▸ Data extract
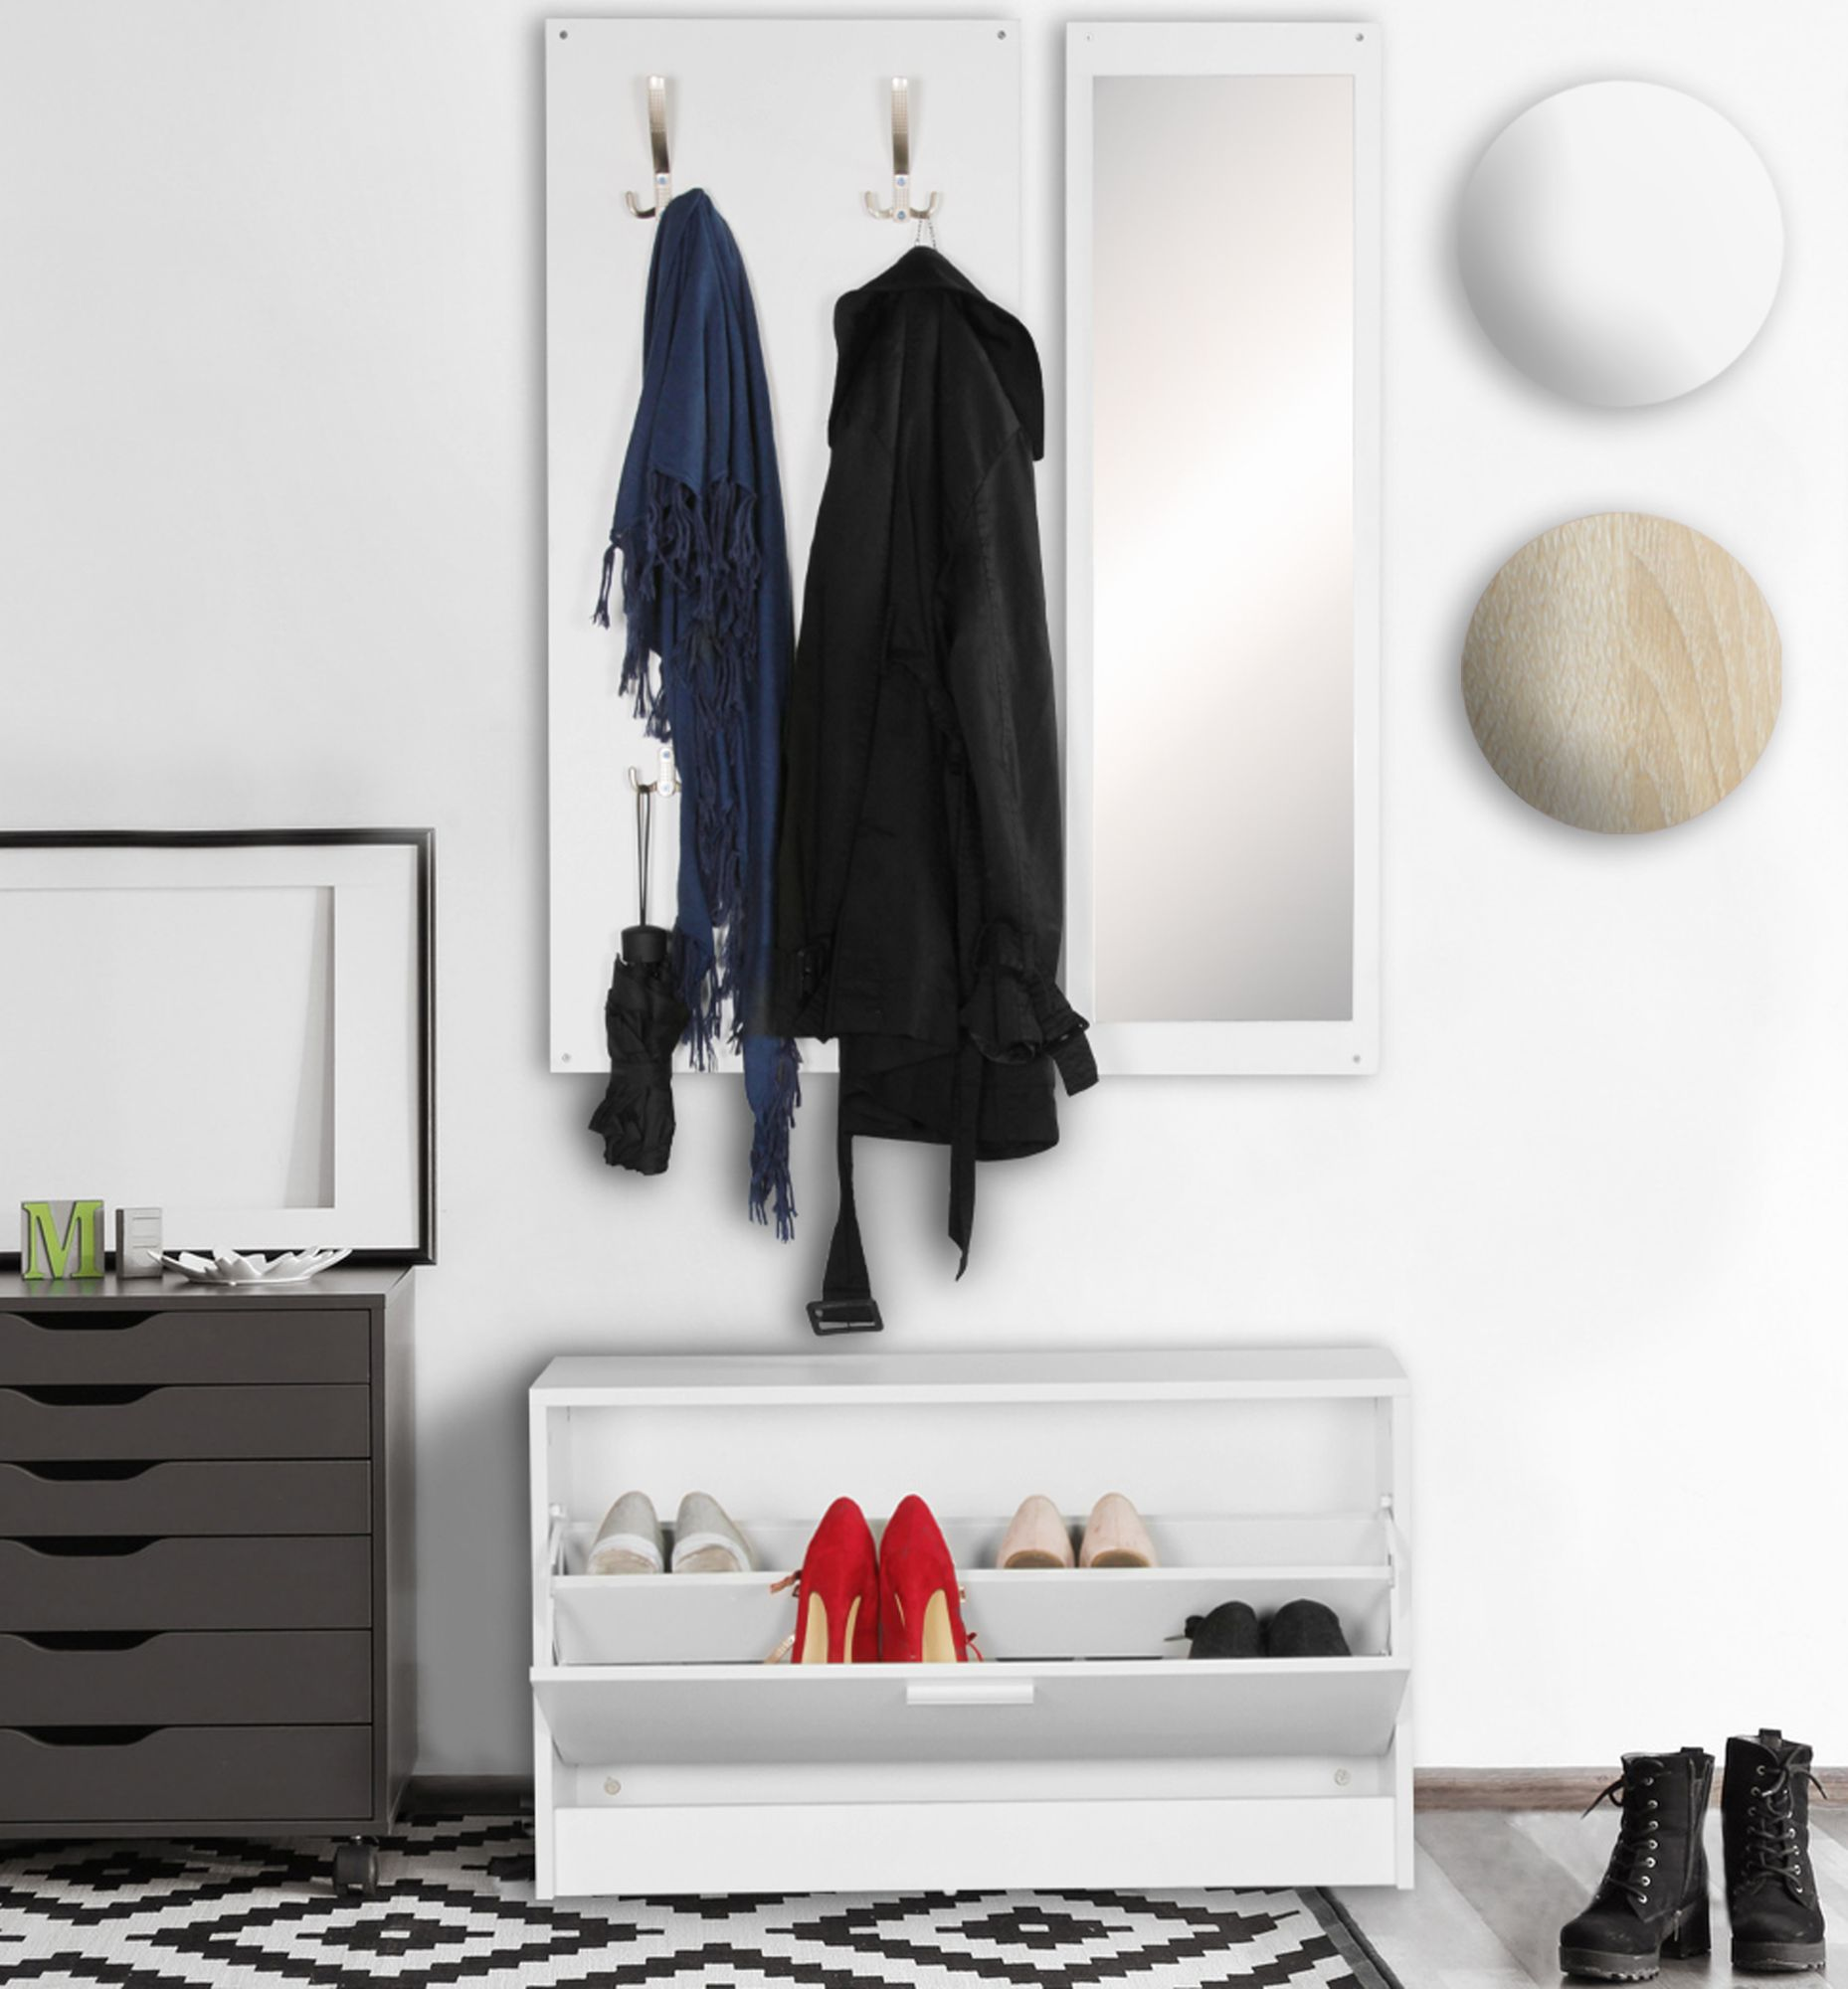 Garderobe Flurgarderobe Paneel Wandgarderobe Spiegel Komplett Set Kompakt Flur
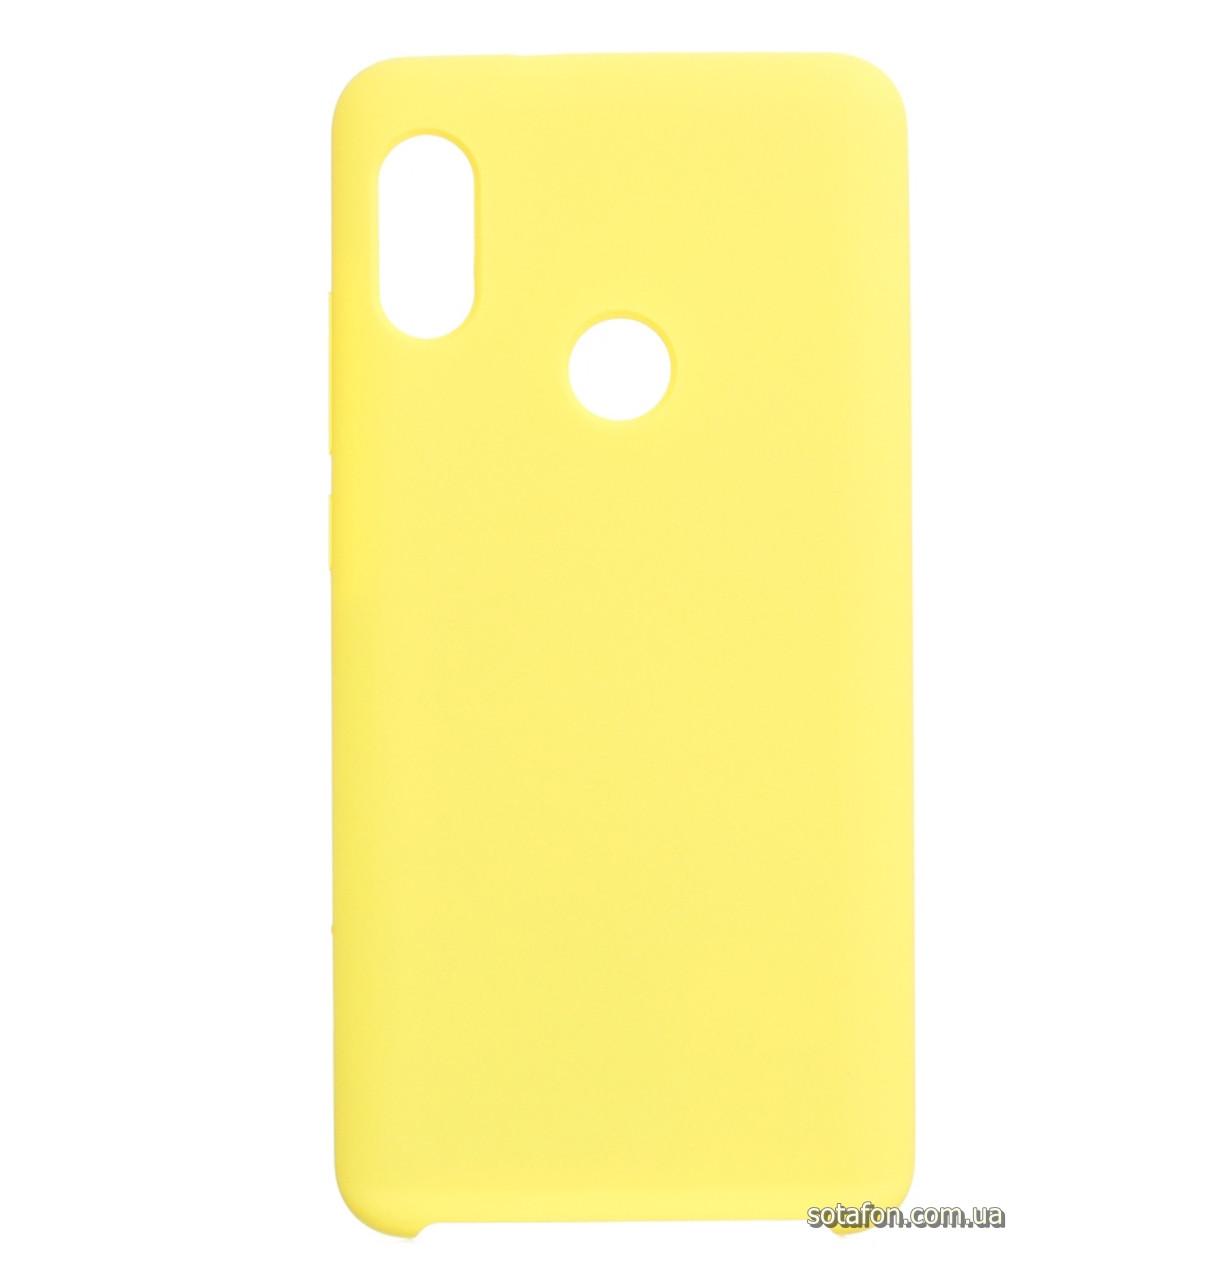 Чехол-накладка Original Silicone case на Xiaomi Redmi Note 5 Pro / Note 5 (AI Dual Camera) Yellow
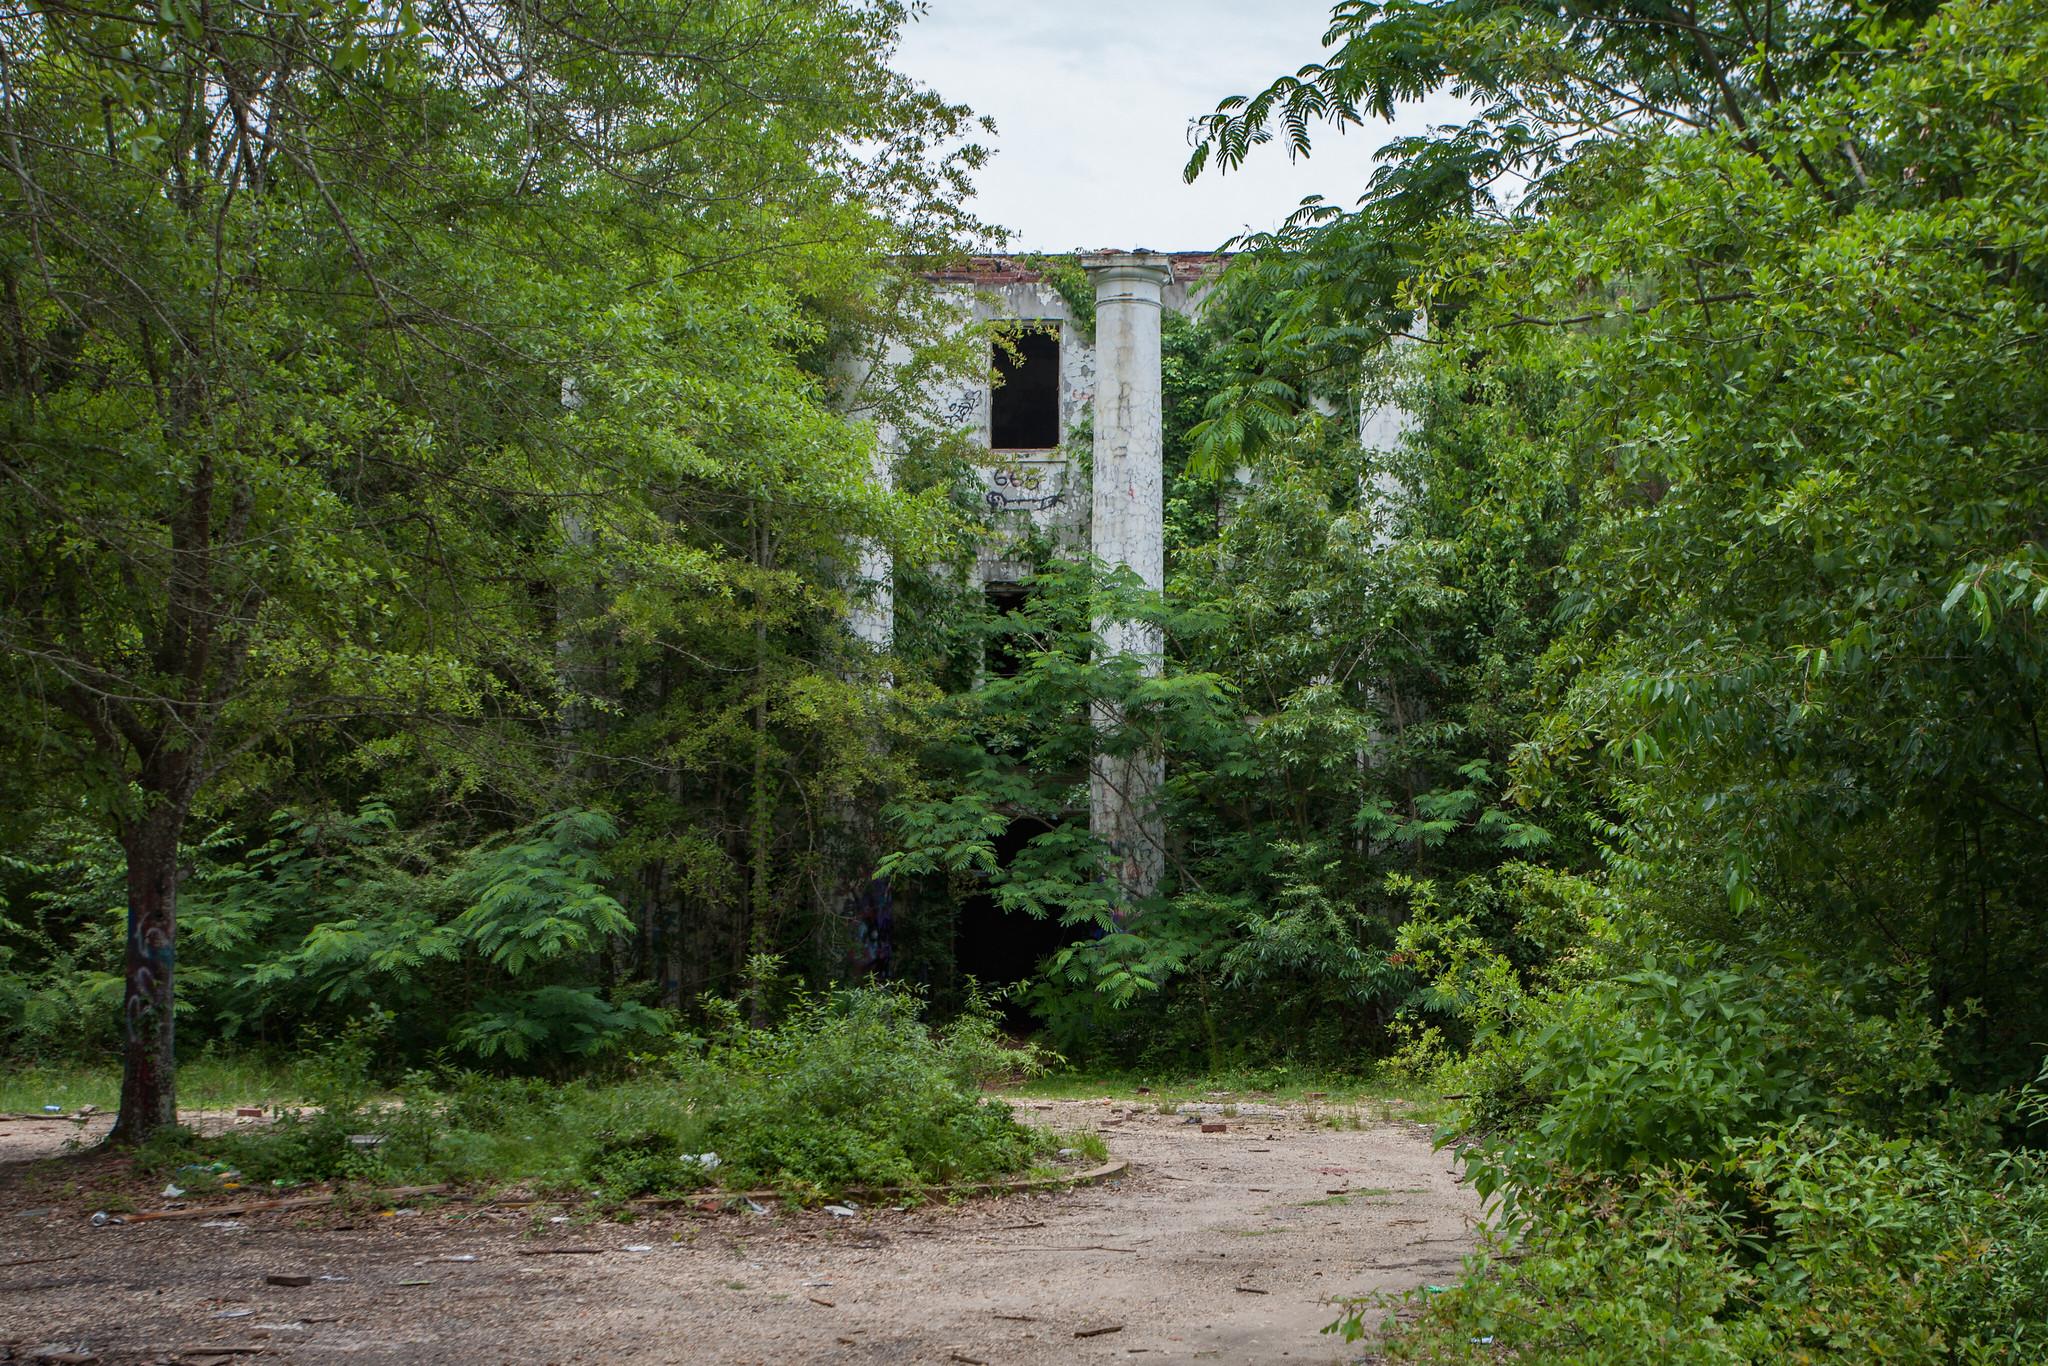 Jemison Center Abandoned Southeast

▸ Prompt
Precisely the lines from the one containing "Чехол-накладка Original Silicone" to the end of the data above, both included, should be printed; leave the pictures out.

▸ Your solution
 Чехол-накладка Original Silicone case на Xiaomi Redmi Note 5 Pro / Note 5 (AI Dual Camera) Yellow
 Jemison Center Abandoned Southeast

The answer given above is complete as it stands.